BEGIN

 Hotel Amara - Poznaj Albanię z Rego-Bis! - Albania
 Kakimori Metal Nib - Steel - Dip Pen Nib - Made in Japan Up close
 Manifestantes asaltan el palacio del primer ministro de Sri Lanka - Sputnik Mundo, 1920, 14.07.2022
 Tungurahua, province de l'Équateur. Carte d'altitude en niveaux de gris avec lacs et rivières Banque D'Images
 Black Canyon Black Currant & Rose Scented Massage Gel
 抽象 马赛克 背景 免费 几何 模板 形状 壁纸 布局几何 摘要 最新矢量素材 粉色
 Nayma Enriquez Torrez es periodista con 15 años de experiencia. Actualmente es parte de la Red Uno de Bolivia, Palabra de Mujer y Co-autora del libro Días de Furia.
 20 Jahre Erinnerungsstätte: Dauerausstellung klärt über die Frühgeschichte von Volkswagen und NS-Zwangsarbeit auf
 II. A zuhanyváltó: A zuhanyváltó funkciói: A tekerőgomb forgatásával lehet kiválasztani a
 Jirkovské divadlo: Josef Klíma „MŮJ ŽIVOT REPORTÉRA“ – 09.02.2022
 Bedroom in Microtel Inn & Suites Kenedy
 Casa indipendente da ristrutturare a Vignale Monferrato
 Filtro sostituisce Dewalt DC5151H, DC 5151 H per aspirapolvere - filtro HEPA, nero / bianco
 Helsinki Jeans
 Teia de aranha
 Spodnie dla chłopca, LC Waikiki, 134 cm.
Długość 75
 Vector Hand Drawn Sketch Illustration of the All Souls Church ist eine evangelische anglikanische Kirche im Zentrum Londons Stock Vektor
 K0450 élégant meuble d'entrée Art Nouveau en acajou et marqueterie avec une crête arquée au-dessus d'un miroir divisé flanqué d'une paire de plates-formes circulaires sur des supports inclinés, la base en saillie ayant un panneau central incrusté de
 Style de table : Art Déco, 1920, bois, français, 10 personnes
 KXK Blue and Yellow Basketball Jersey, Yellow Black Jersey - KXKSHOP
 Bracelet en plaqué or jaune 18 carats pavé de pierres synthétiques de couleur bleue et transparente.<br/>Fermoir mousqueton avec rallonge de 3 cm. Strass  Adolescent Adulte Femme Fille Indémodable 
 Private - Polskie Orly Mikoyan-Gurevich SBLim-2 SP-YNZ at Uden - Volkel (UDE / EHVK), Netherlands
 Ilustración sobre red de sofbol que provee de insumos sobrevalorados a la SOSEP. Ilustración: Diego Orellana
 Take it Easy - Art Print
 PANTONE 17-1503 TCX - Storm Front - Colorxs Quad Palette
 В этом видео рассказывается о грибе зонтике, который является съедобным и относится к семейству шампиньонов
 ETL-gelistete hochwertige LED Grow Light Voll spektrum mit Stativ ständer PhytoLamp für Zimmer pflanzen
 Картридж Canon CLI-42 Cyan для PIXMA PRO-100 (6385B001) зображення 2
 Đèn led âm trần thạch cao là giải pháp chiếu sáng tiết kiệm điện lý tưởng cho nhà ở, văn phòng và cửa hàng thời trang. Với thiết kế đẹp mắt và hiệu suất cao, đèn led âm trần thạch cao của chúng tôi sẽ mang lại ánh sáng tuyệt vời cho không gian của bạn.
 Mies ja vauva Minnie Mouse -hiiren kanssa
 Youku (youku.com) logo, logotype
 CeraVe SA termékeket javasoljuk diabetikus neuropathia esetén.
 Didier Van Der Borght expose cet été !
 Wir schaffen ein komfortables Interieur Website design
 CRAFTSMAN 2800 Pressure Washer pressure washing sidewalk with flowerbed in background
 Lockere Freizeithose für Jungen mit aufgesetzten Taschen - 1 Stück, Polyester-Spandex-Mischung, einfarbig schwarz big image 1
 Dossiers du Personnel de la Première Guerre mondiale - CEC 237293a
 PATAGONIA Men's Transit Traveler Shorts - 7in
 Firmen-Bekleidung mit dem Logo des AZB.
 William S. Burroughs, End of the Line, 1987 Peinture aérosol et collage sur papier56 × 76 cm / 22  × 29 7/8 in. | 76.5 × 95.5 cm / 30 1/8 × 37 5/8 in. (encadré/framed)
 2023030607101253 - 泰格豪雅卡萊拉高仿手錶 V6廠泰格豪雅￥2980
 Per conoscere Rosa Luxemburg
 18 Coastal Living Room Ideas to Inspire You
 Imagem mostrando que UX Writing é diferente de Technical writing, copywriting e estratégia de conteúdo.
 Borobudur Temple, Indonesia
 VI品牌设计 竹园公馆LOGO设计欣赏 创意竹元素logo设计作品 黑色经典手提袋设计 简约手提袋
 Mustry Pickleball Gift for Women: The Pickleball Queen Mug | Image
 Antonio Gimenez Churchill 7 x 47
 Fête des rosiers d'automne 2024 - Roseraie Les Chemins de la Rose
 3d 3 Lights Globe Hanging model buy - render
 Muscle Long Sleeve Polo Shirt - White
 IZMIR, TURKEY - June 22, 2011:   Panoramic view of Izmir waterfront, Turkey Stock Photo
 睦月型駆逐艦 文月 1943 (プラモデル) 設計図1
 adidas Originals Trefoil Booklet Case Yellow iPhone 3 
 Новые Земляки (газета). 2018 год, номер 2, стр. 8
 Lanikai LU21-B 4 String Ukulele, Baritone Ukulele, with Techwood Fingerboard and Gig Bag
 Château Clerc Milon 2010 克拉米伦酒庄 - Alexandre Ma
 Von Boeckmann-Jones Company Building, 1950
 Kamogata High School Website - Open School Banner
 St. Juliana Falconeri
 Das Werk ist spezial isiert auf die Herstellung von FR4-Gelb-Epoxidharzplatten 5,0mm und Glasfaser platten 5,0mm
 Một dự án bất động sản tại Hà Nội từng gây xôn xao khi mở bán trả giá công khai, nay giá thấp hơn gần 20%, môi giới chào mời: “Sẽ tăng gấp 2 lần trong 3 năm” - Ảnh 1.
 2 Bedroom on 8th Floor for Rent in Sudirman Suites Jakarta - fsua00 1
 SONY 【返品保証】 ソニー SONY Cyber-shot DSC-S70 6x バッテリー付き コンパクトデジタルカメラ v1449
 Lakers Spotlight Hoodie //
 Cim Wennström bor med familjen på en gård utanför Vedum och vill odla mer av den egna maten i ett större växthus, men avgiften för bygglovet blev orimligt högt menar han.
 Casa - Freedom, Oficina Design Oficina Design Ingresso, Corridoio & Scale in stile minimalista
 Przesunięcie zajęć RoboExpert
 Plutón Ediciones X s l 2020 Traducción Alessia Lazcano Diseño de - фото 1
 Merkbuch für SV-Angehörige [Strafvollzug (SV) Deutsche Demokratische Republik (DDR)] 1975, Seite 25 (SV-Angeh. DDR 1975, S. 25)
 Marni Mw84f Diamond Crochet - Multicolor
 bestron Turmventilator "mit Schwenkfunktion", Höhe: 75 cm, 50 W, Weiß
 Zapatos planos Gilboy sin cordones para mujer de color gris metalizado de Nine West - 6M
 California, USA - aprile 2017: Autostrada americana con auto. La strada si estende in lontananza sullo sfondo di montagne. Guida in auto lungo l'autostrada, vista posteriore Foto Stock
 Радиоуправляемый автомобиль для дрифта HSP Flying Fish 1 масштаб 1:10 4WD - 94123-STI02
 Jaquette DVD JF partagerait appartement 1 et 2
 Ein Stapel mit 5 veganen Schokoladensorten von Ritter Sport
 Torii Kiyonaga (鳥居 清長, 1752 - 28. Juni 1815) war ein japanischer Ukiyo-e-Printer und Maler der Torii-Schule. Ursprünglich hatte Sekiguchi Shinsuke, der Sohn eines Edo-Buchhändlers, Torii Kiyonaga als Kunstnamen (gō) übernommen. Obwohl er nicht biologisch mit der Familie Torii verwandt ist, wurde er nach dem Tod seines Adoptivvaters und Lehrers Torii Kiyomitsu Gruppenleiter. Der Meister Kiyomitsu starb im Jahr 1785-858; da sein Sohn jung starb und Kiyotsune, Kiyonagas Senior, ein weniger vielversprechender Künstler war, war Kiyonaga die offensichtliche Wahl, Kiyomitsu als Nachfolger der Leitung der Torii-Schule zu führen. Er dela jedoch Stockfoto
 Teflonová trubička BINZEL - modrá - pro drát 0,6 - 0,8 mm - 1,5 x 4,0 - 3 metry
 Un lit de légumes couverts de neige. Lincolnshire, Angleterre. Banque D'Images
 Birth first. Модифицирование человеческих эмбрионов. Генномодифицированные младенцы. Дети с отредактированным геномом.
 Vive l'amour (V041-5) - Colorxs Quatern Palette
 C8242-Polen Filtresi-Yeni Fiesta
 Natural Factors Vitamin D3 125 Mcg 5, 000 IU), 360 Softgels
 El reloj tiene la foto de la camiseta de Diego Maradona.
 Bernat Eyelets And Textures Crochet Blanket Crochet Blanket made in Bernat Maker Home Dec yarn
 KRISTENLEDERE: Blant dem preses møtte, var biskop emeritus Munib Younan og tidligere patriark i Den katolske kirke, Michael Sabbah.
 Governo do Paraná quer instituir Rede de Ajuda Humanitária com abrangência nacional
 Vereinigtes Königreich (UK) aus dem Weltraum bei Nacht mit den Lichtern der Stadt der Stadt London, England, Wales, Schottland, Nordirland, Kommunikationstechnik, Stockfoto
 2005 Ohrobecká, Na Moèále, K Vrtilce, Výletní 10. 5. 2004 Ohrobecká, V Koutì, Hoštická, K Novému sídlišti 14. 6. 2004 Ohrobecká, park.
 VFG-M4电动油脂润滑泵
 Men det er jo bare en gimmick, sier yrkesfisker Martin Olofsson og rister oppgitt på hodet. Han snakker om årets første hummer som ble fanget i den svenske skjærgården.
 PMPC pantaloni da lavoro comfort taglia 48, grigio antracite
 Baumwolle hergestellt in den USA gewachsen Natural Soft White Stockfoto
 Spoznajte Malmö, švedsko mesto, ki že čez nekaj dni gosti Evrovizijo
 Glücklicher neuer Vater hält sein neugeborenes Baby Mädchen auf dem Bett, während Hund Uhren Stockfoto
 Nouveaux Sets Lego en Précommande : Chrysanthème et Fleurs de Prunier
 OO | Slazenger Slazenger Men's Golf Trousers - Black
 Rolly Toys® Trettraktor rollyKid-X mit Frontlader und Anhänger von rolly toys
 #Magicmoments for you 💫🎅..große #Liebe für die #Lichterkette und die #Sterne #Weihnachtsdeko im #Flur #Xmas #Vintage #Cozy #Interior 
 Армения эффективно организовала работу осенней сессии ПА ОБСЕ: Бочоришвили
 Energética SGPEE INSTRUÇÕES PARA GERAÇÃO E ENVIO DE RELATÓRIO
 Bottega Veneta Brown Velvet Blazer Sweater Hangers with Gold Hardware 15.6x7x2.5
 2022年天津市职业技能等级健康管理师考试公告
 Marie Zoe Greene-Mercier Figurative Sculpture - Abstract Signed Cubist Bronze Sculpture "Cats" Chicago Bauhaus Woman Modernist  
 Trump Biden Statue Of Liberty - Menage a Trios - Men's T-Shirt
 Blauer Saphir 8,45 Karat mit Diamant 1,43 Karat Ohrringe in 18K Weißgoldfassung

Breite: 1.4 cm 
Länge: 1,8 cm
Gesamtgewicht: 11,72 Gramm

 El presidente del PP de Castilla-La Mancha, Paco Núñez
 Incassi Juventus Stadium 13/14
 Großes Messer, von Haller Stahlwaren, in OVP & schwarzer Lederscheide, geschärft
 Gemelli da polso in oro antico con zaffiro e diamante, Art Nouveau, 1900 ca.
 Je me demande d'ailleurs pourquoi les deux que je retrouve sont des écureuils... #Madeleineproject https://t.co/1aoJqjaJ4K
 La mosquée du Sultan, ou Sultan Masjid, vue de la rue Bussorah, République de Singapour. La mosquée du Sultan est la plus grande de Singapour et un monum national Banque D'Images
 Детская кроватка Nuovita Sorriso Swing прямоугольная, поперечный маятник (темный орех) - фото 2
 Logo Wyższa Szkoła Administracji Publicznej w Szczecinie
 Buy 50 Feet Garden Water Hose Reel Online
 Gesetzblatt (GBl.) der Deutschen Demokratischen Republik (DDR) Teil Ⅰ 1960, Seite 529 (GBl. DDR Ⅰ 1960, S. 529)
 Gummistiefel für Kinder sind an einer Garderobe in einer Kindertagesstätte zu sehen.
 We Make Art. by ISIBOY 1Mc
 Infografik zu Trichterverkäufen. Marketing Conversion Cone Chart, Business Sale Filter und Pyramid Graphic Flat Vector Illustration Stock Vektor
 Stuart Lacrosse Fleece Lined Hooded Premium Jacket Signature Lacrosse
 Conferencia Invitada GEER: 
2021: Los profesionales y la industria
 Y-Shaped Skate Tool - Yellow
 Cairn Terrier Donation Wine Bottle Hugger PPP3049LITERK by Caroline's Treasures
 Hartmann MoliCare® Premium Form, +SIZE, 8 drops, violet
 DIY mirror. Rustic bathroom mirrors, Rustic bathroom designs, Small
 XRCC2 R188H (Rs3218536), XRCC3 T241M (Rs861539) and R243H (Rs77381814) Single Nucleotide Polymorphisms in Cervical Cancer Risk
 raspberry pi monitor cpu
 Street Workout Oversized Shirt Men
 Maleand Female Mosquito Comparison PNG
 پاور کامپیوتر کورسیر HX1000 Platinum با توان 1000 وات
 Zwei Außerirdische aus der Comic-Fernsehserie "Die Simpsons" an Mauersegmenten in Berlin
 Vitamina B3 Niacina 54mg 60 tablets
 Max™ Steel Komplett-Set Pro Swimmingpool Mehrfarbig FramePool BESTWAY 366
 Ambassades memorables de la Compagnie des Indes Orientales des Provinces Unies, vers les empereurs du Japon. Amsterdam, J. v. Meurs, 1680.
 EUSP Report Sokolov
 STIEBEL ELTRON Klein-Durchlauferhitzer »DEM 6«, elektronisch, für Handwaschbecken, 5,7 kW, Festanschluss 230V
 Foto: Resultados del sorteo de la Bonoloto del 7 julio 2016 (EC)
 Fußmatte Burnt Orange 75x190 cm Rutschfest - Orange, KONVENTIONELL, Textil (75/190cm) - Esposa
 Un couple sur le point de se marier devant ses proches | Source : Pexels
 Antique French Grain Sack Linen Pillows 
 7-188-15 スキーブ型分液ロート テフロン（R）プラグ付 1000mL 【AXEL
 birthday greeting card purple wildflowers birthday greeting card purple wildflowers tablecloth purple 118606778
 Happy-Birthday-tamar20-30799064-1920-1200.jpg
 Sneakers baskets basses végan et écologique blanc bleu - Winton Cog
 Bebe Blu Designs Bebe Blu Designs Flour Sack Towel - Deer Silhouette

END

#### THE PROBLEM:
The lines above starting at the one that contains "Infografik zu Trichterverkäufen." and ending at the one that contains "Antique French Grain Sack Linen Pillows" must be transcribed exactly, and no other lines may appear.

#### FINISHED EXERCISE:
 Infografik zu Trichterverkäufen. Marketing Conversion Cone Chart, Business Sale Filter und Pyramid Graphic Flat Vector Illustration Stock Vektor
 Stuart Lacrosse Fleece Lined Hooded Premium Jacket Signature Lacrosse
 Conferencia Invitada GEER: 
2021: Los profesionales y la industria
 Y-Shaped Skate Tool - Yellow
 Cairn Terrier Donation Wine Bottle Hugger PPP3049LITERK by Caroline's Treasures
 Hartmann MoliCare® Premium Form, +SIZE, 8 drops, violet
 DIY mirror. Rustic bathroom mirrors, Rustic bathroom designs, Small
 XRCC2 R188H (Rs3218536), XRCC3 T241M (Rs861539) and R243H (Rs77381814) Single Nucleotide Polymorphisms in Cervical Cancer Risk
 raspberry pi monitor cpu
 Street Workout Oversized Shirt Men
 Maleand Female Mosquito Comparison PNG
 پاور کامپیوتر کورسیر HX1000 Platinum با توان 1000 وات
 Zwei Außerirdische aus der Comic-Fernsehserie "Die Simpsons" an Mauersegmenten in Berlin
 Vitamina B3 Niacina 54mg 60 tablets
 Max™ Steel Komplett-Set Pro Swimmingpool Mehrfarbig FramePool BESTWAY 366
 Ambassades memorables de la Compagnie des Indes Orientales des Provinces Unies, vers les empereurs du Japon. Amsterdam, J. v. Meurs, 1680.
 EUSP Report Sokolov
 STIEBEL ELTRON Klein-Durchlauferhitzer »DEM 6«, elektronisch, für Handwaschbecken, 5,7 kW, Festanschluss 230V
 Foto: Resultados del sorteo de la Bonoloto del 7 julio 2016 (EC)
 Fußmatte Burnt Orange 75x190 cm Rutschfest - Orange, KONVENTIONELL, Textil (75/190cm) - Esposa
 Un couple sur le point de se marier devant ses proches | Source : Pexels
 Antique French Grain Sack Linen Pillows 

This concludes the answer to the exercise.